Intro rate punters challenge market makers

John Phillips
There's increasing evidence that home loans customers believe the interest rate cycle has peaked, with demand for introductory mortgages (at discounted rates) more than 50 per cent higher in May and June than in April, and more than double the preceding twelve months, or so the monthly sale data provided by Australian Finance Group shows.

Loans at introductory rates accounted for six per cent or less of total sales up to and including the twelve months to March 2008 at AFG, the last month the Reserve Bank increased the official cash rate.

In May and June sales of this style of loan increased to 13 per cent.
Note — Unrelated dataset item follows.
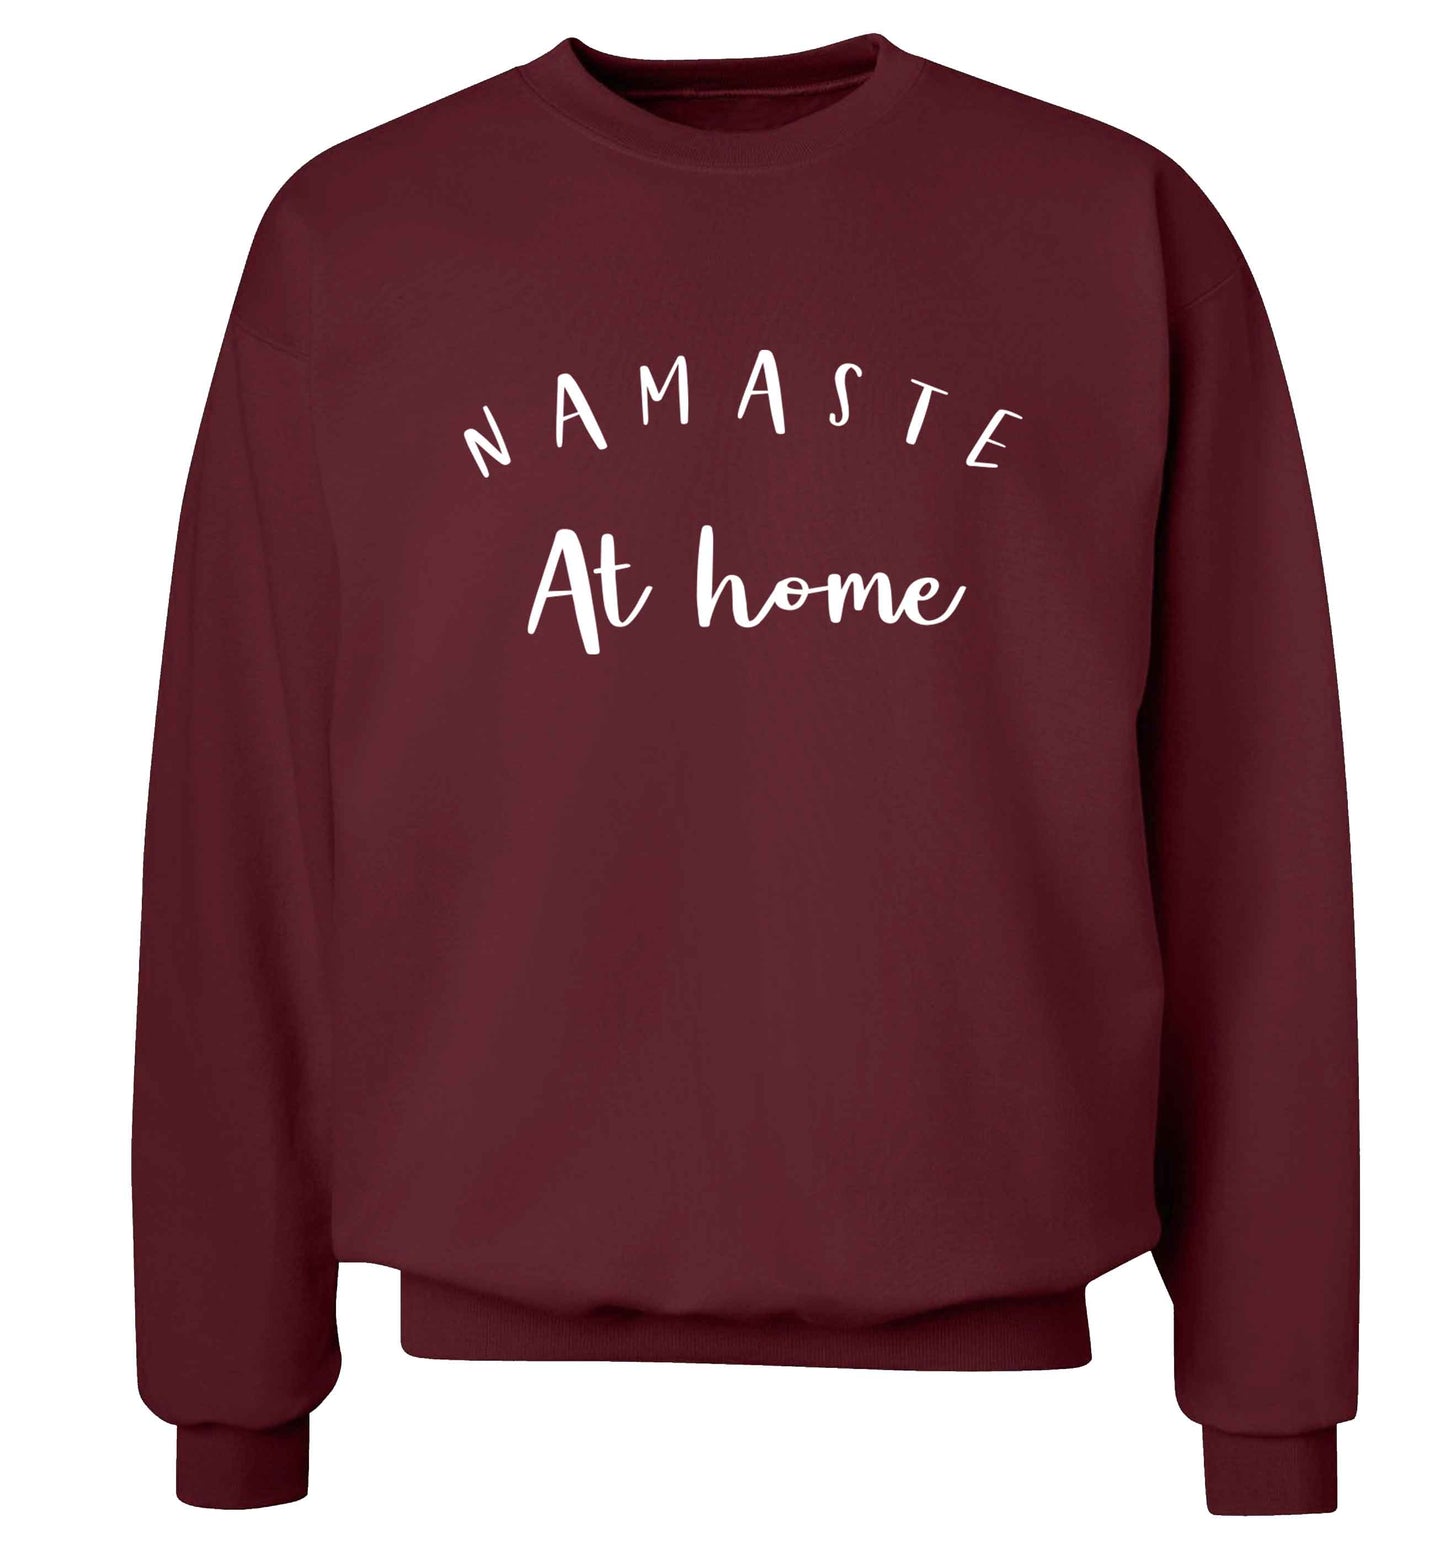 Namaste at home Adult's unisex maroon Sweater 2XL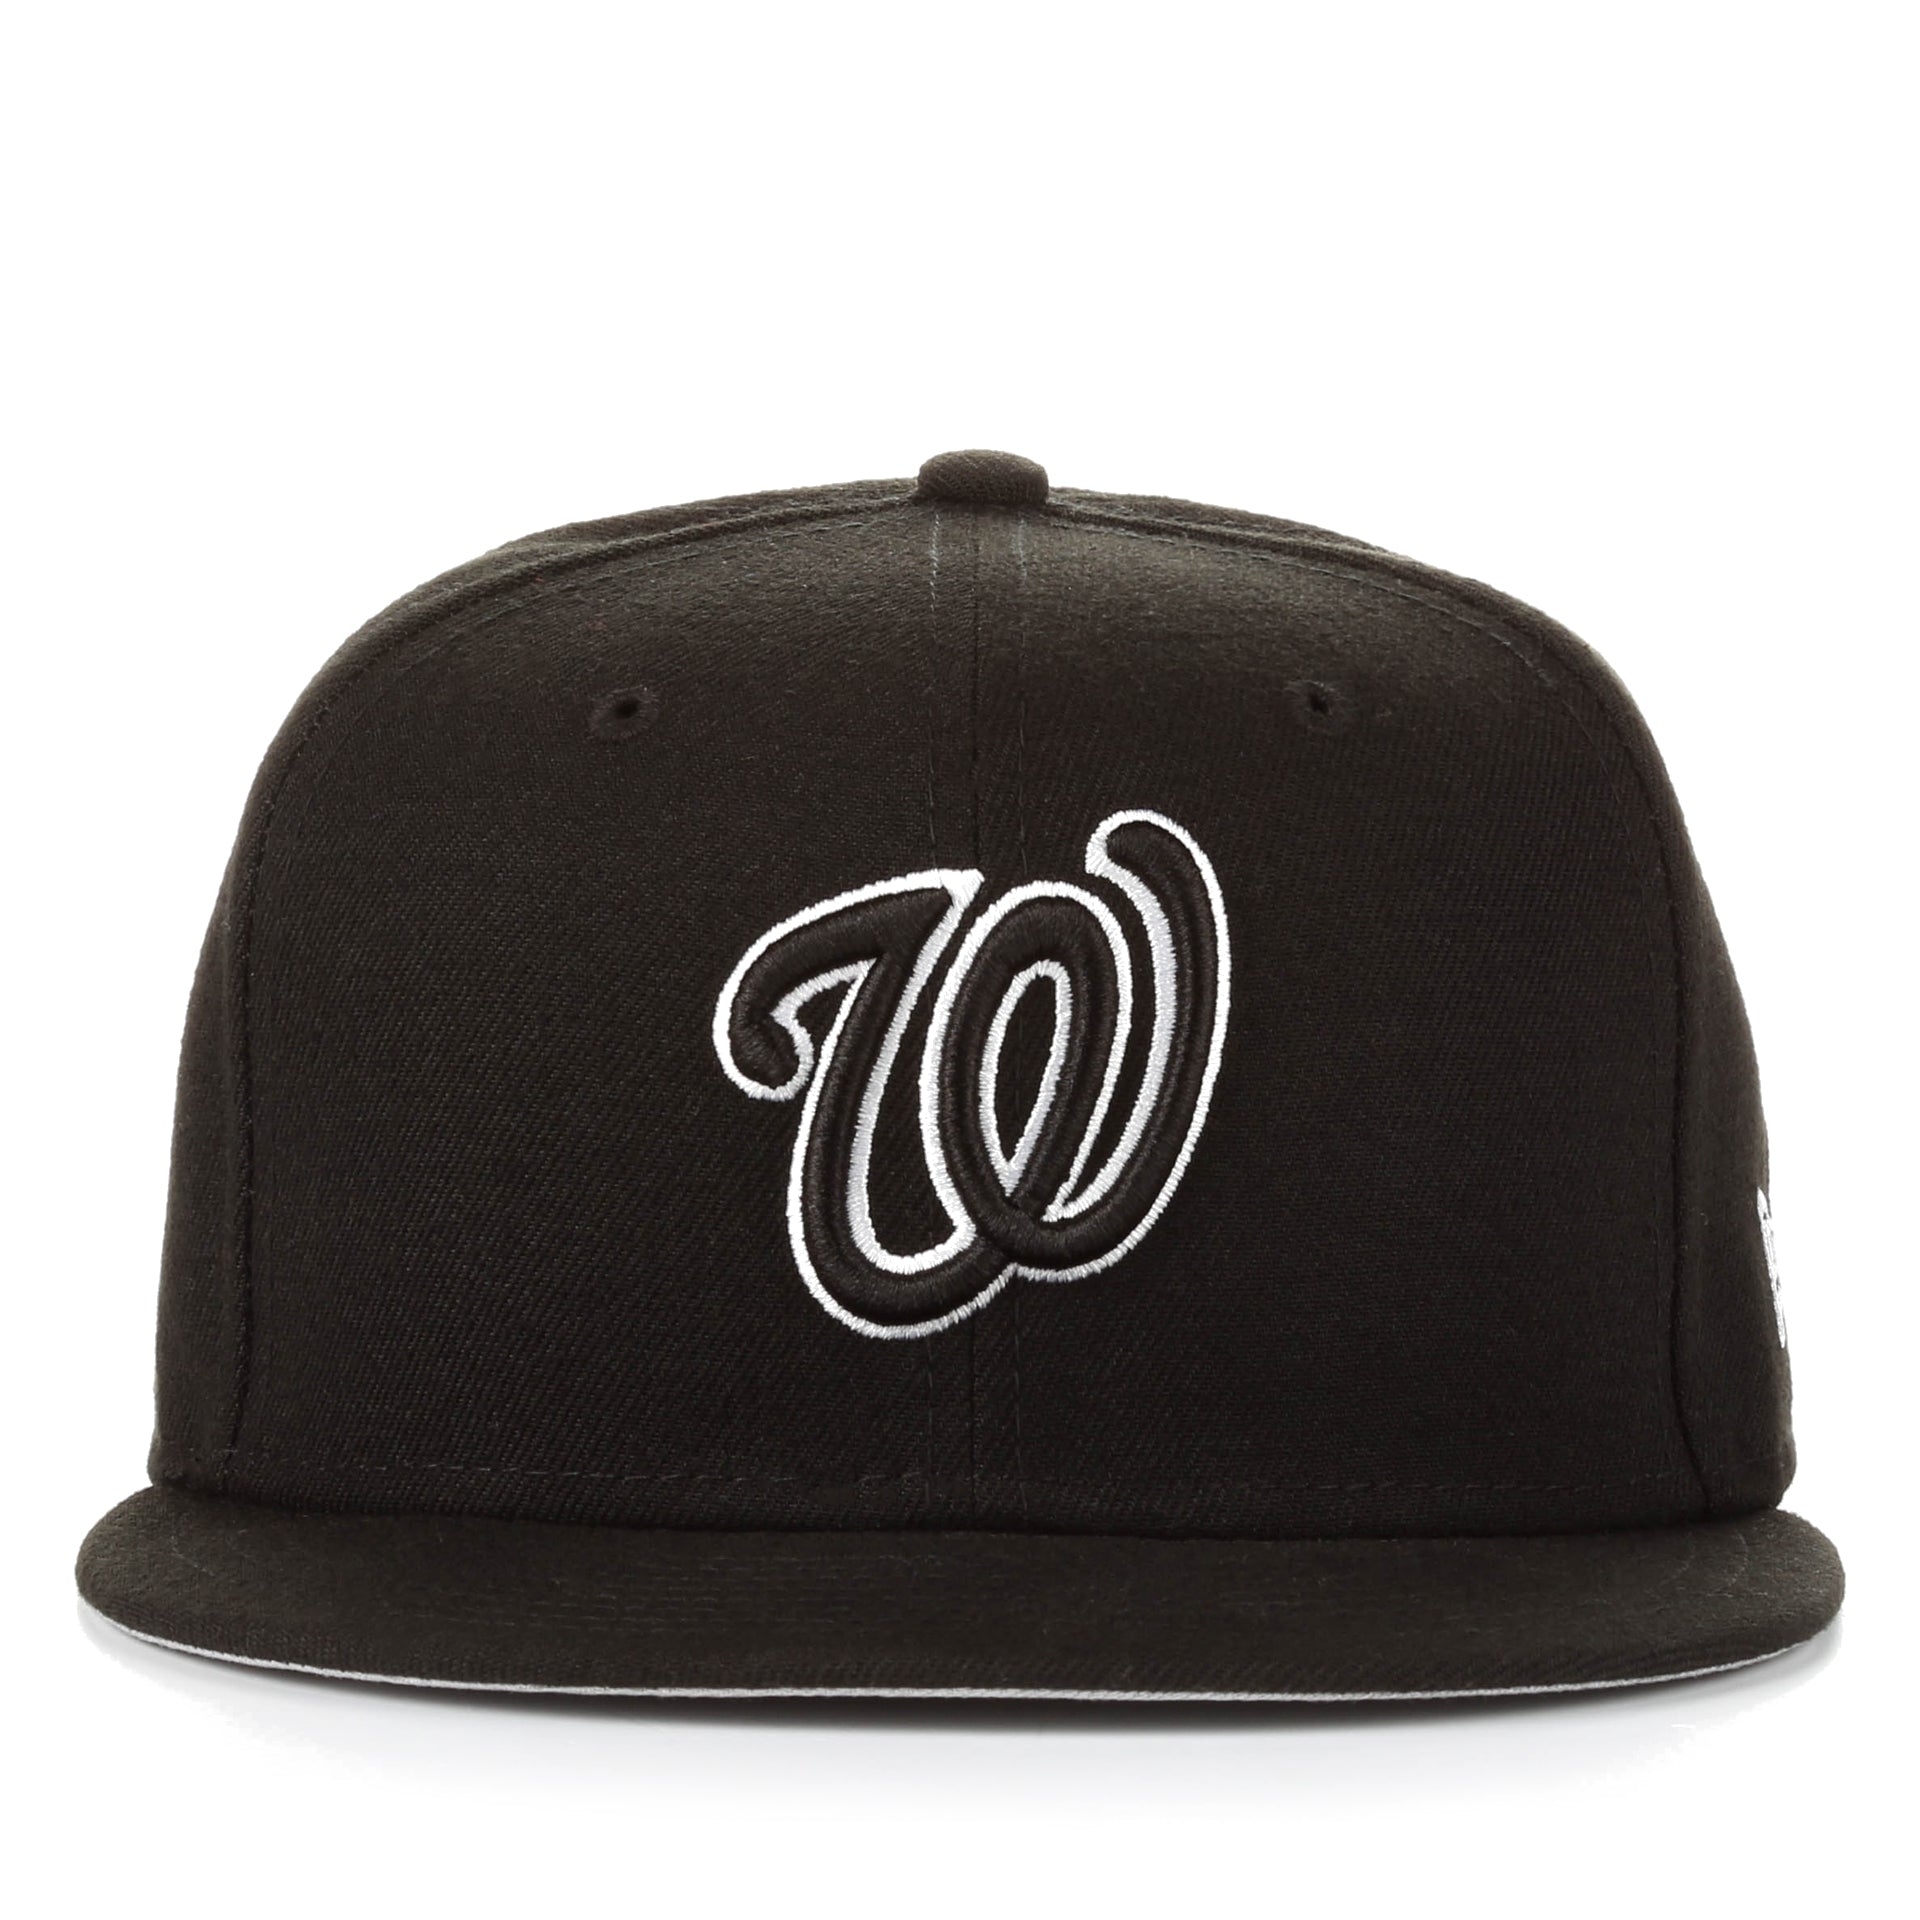 New Era 59Fifty League Basic Fitted Cap - Washington Nationals/Black - New  Star

In April they accounted for 10 per cent of sales.

Conversely, fixed mortgage volumes in June have more than halved at AFG since March, to below twelve per cent.

Borrowers may have it right, with the June monetary policy statement from Reserve Bank governor Glenn Stevens stating: "As a result of earlier decisions by the Board, additional rises in market interest rates, and tougher credit standards for some borrowers, there has been a substantial tightening in financial conditions since the middle of last year.

"The evidence is that the tightening in financial conditions, in conjunction with other factors including rising fuel costs, is working to restrain demand."

Financial markets are taking a different view to the introductory borrowers.

The 90-day bank bill futures for September have an indicative yield of around 7.9 per cent, with the December contract trading around eight per cent.

AFG is Australia's largest mortgage broker, writing around one in ten mortgages, with a current mortgage book exceeding $50 billion.